The Students in Free Enterprise organization at the University hosted an entrepreneur forum today in the Business Building.

Students and other audience members in the packed lecture room listened as four local entrepreneur’s, Chuck Jones, owner of University Book & Bean, Elements and the Vintage Rose Emporium; Daniel Yong, owner of August Moon; Mike Cowen, owner of Sportable Scoreboards and Matt Gingles, co-owner of The Burrito Shack, shared their stories and backgrounds.

Chuck Jones began the forum by telling the story of his collection of businesses’ beginnings. A member of Pi Kappa Alpha at the four years he attended Murray State before dropping out, his reason for becoming an entrepreneur was his lack of money.

“Why did I go in business myself?” he asked rhetorically. “I needed a job. I started a computer business that still exists today called Integrated Computer Solutions.”

Along with his first business, Jones also got involved in textbook selling and rental and got into retail with his wife and started the Vintage Rose, Elements and the University Book & Bean.

Matt Gingles, co-owner of The Burrito Shack, said he too was looking for money when he began his endeavors in entrepreneurship.

“I worked for Dell for about nine months and hated it,” he said. “So I was going to move back here and work for my dad’s tobacco farm and then he brought in the opportunity to open a restaurant here in Murray, so we did that and we started two years ago.”

Gingles said he enjoys owning a business because of the independence that comes with it.

“I like working for myself just because it’s nice not having to answer to anybody else, you can kind of do what you want to, you make the business what you want it and if you don’t like the way the business is running, you have the ability to change that.”

Mike Cowen, owner of Sportable Scoreboards, said his businesses started with his son’s baseball game and after he left a company and vowed to never work in the corporate world again.

“At the age of 45, I started my own company, and what I did was I tried to design my company around the things I liked to do,” he said. “I had it pretty well detailed; I like to travel, I like electronics. I had it all designed, but I needed a product. My youngest son was a baseball player and we were at a facility that had no scoreboard, so we decided to invent and design a portable scoreboard.”
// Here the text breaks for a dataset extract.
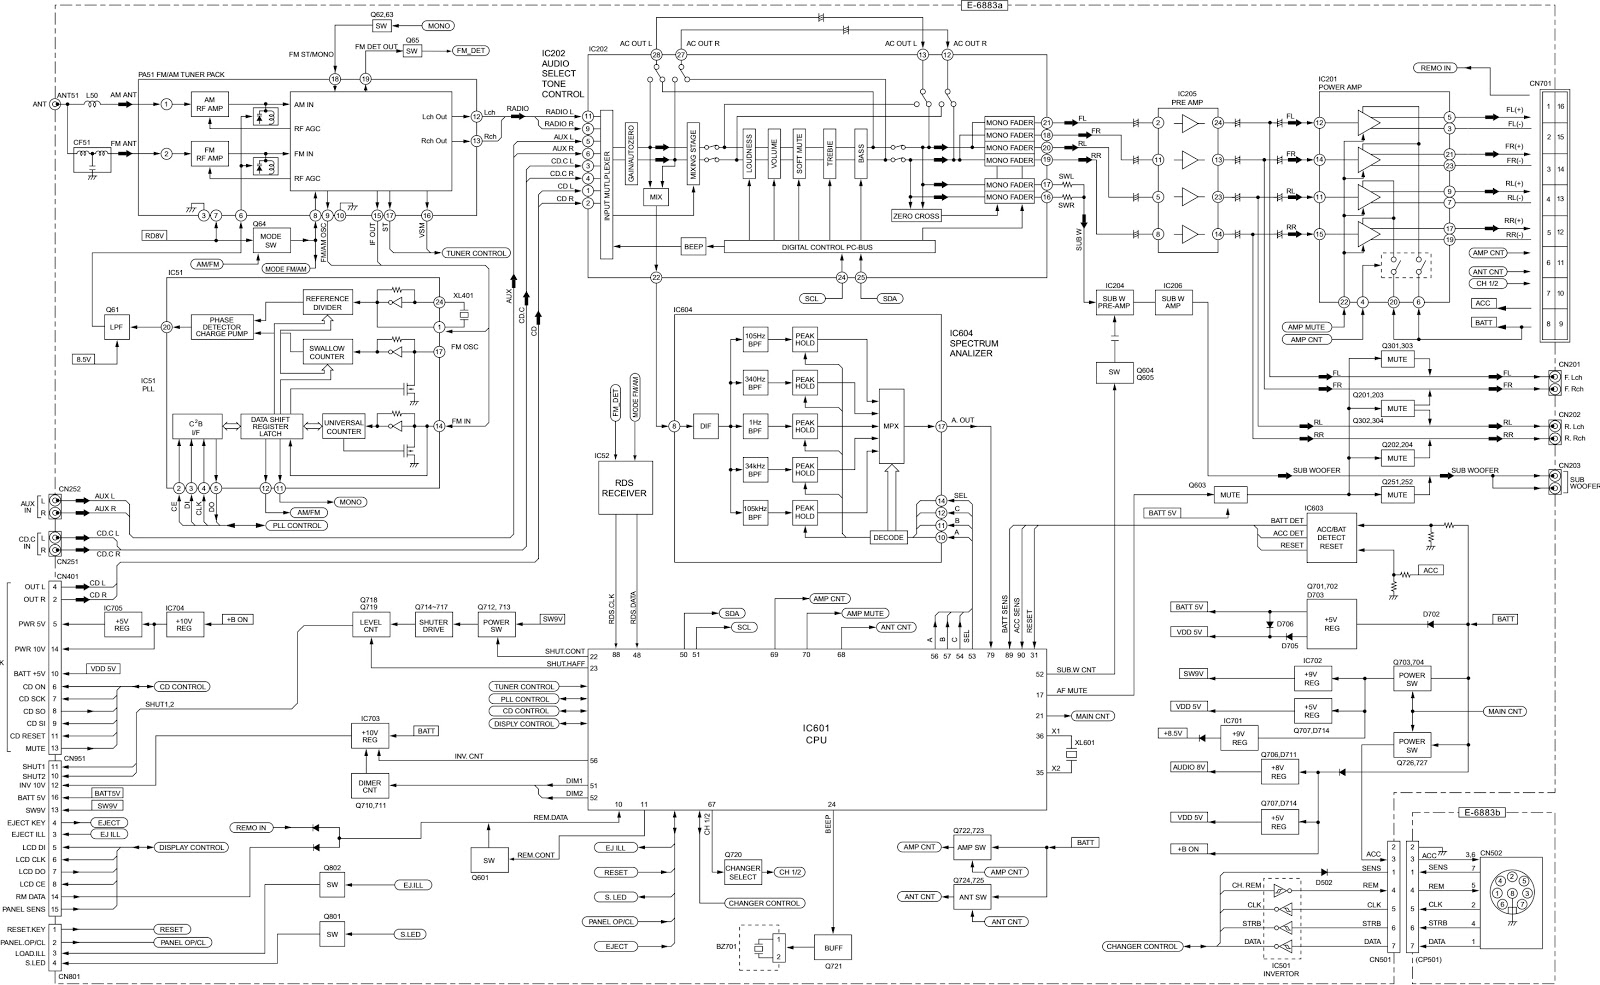 Panasonic Udqr003w7 Wiring Diagram

Cowen’s business is now the third largest scoreboard business in the nation.

Daniel Yong, owner of August Moon, said he began his business at the age of 21, right after he graduated college.

“When I was right out of college, three classmates of mind from the same country, different areas, got together and decided to start a restaurant,” he said.

After finally getting money from his brother to open his restaurant, Yong said he tried to find a location for it and opened the restaurant in February of 1990.

The event ended with an open floor for students and audience members to ask questions of the businessmen.

Questions ranged from how someone obtains capital to start a business to opinions on social media marketing and search engine optimization.

When putting this event together, SIFE president, D. Andrew Porter, junior from Scottsville, Ky., said he kept the organization’s mission statement in mind: “To bring generations of leaders together to create a better, more sustainable world through the positive power of business.”

“It’s important to put on these type of events because it’s part of our mission statement,” Porter said.

He also said the goal for the outcome of SIFE’s events is two things: to benefit students and to benefit the business owner.

“I feel that our program and the way the we thinking about it splits into two factors: one part of it is to benefit students who come and want to work in this type of field and work in business and be entrepreneurs and things of that nature,” Porter said. “But the other side of the coin is that we want to help businesses within our community, by reaching out to new community members and helping them become better known on campus.”

Porter said the full room was encouraging.

Said Porter: “I think this event went fantastic. By our count, just on sign in sheets alone and I know that there were many students who came in and didn’t sign this, we had 102 attendees at this event. I feel like when it comes to a numbers game, I think it was a big success.”